Day 203 1/14/14: Poetry & Impermanence: A Rant
Poetry is a brutal art. One (meaning me) slaves for hours and hours trying to finish a poem that is nearly there. What am I not doing? Am I thinking too much? Pursuing instead of waiting? Filling up instead of emptying out? Oh the pressure of the final stanza! Oh the need for transformation, the weighty promise of the unwritten. I wanted some sharp outline of the knowable unknowable. I wanted a final image that resonates in the body as much as the mind. I wanted a poem that shimmered with intellect like T. S. Eliot regurgitating The Upanishads, its edges limned with a the ghost of Robert Frost holding a delicate pane of ice over a swollen stream in March. That kind of poem. All that suffocating desire.
So I stopped writing poetry and wrote an e-mail to my school asking them not to offer employee discounts to SeaWorld. I wrote and rewrote the e-mail. I added things and took things away. I wondered what magical syntax or brutally economical description would be enough to make Recreation Connection re-think the idea of a killer whale living in a cracked aquarium. I started off cheerily! Happy New Year! Thanks for adding Whale Watching to the list of Employee Discounted Activities! Sure beats watching the aforementioned animals perform tricks in a chlorinated pool! I didn’t use so many maniacal exclamations, but I did make an attempt at friendliness (Hello, I am not insane and soon you will warm to my politics).
I wonder about all the writing we do. All the many non-poems, non-public pieces that we nevertheless compose with compassion and conviction. I think of the journals occupying the shelf on my closet.

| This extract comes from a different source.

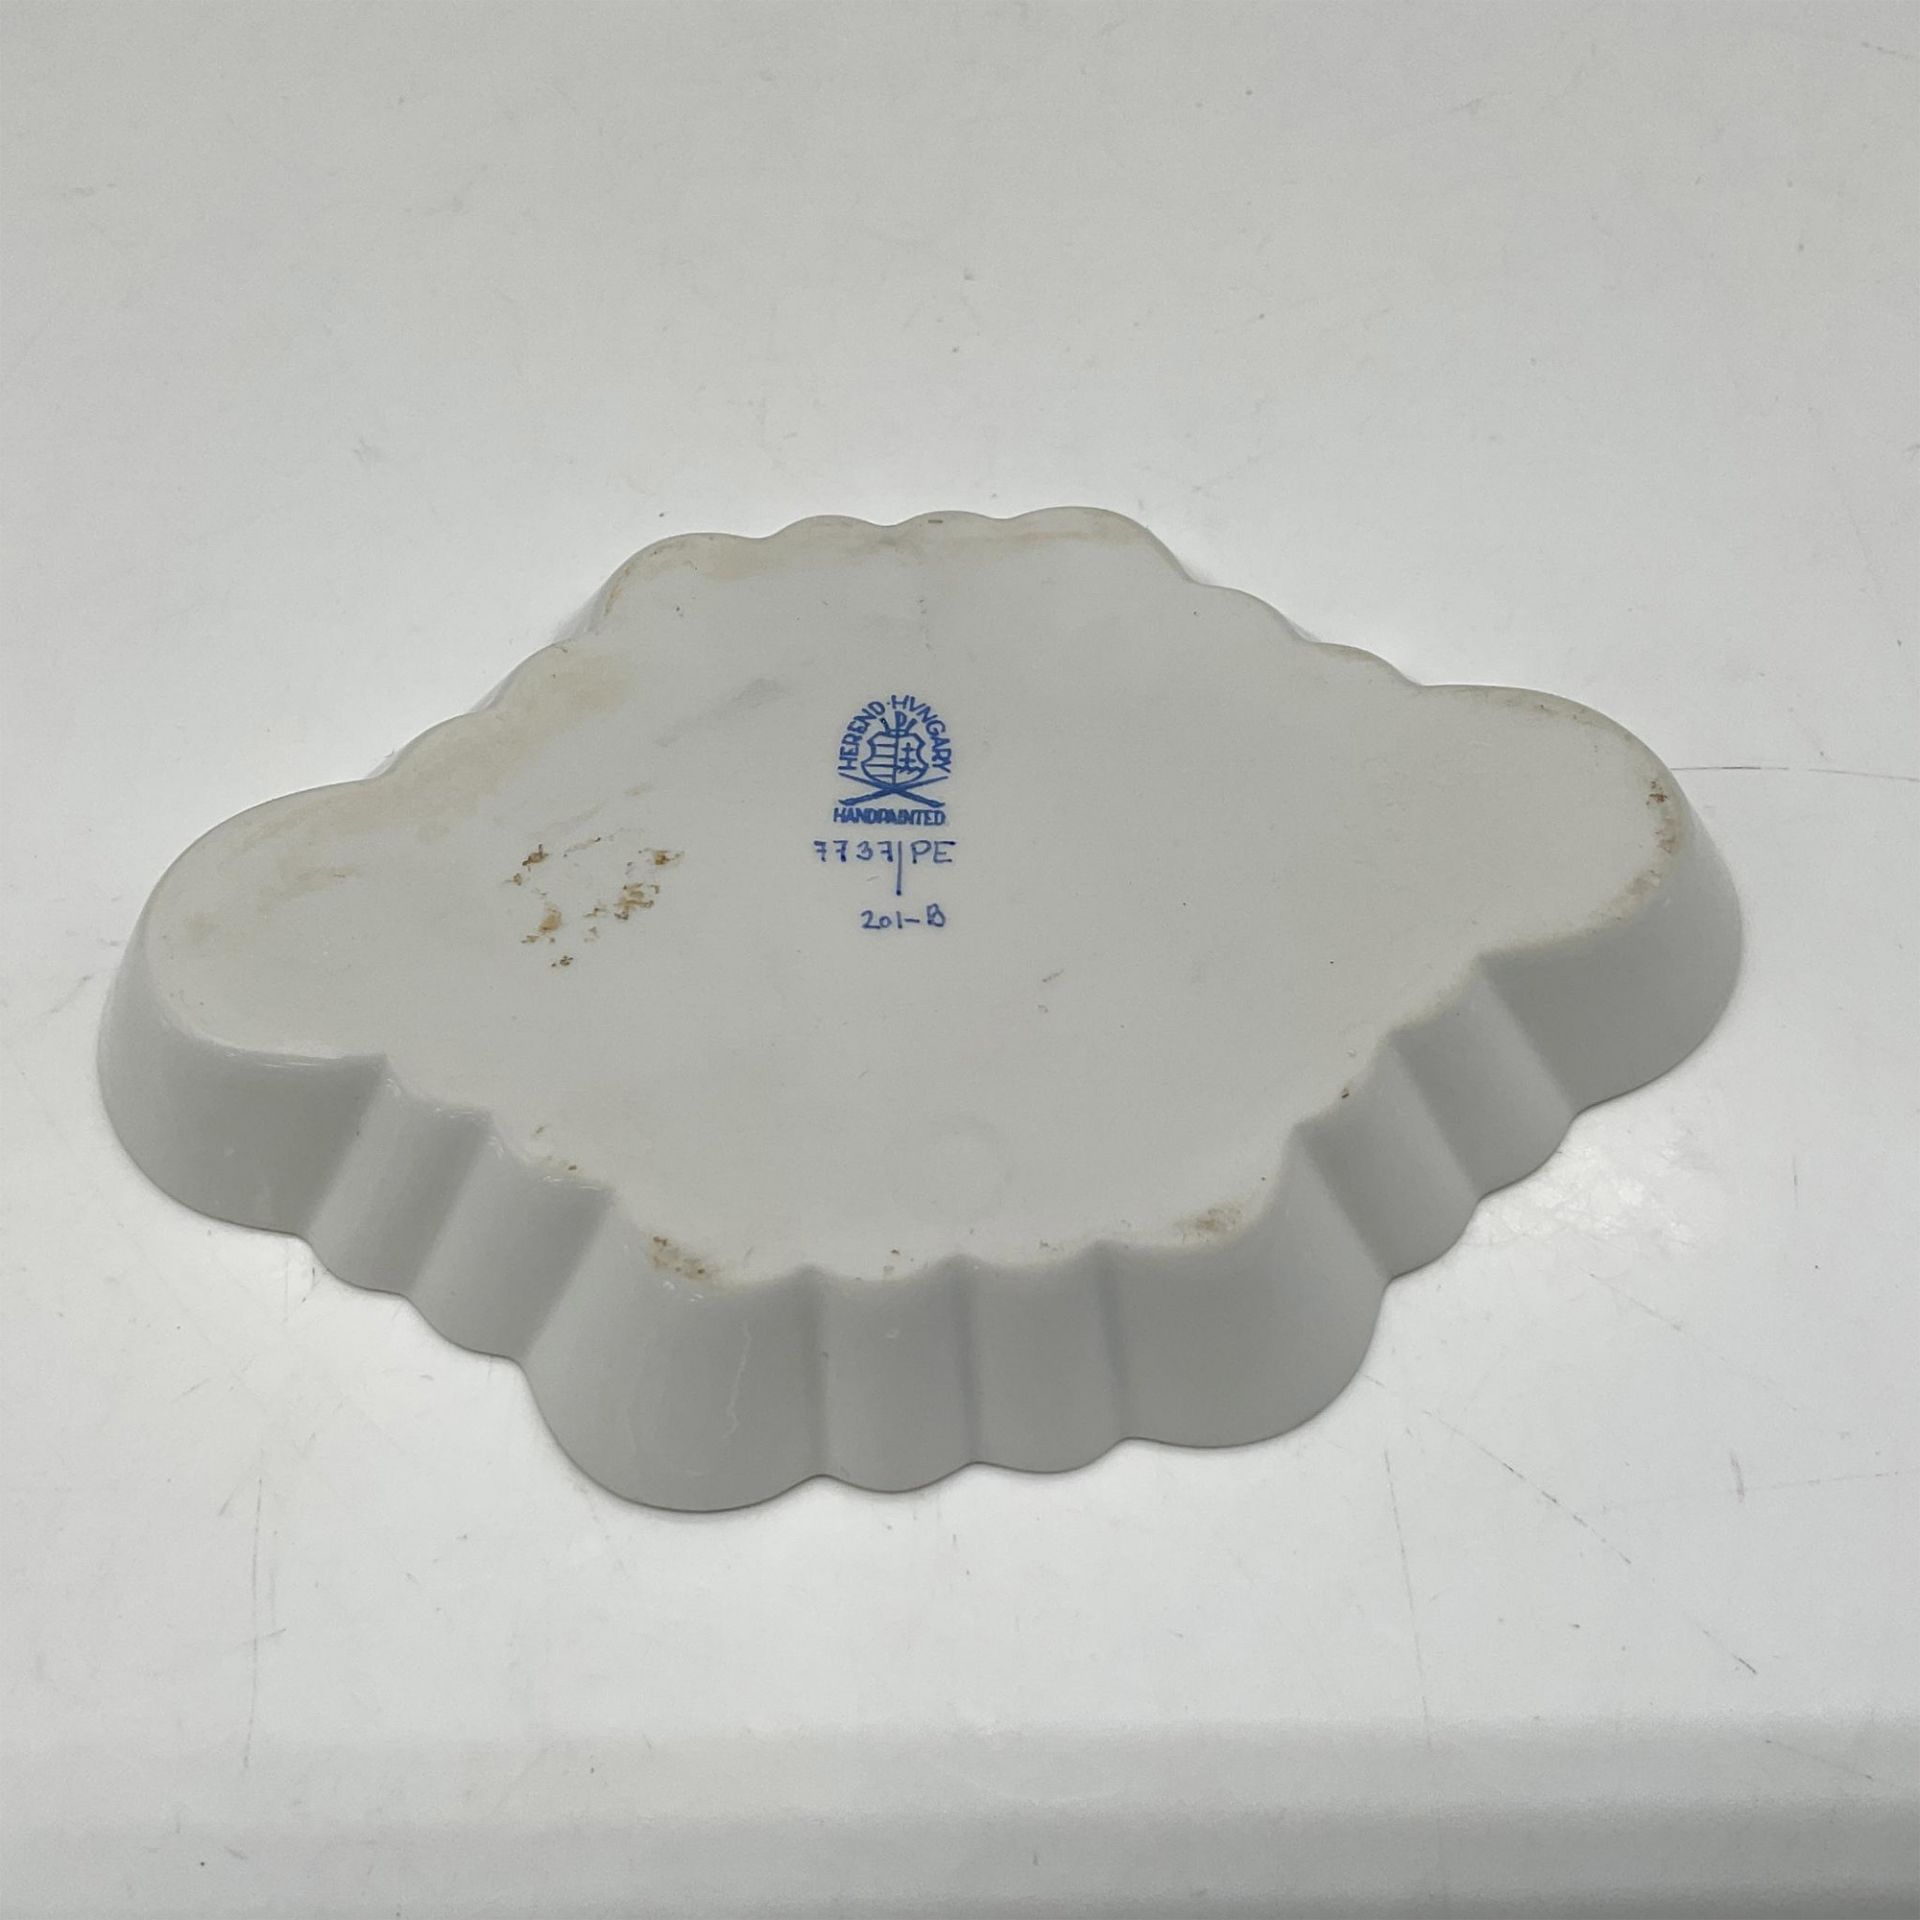 Herend Porcelain Coin Dish - Image 2 of 2

I think of burning each one, records of my life made long before “journaling” became a verb.
Keats had the best epitaph: Here lies one whose name was writ in water. His epitaph is better than any line of poetry I will probably ever write. A name writ in water is then inscribed in stone. Moss fills the letters. E-mails vanish into the ether. The blog posts accumulate behind burning links.
If I destroy those journals, will I stop feeling the weight of accumulated unread years? I’ll wrench pages from spines and light them on fire with adolescent glee. Or maybe just toss them casually in the garbage or donate them to Goodwill and dream of some hipster finding them. But first I’ll transcribe a line or two. A few words from each entry. A record of each vanished day. Some sort of path from there to here.
Day 200 1/11/14: Spellbinding Shark Stories for a Saturday!
I’m sorry that some of these are a day or two old, which I know is kind of a sin in this hyper immediate world in which we live, blah. blah. Anyway, here are some interesting stories you might enjoy:
1. An interesting perspective: Shark attack victims react to Australia’s shark cull.
2. File Under: A story I wish I had not read: Leo DiCaprio describes how his great white cage diving experience went rather, um…wrong.
3. Wanna learn about weird, ancient spoon-billed sharks? Sure you do!
4. New Zealand to ban shark finning!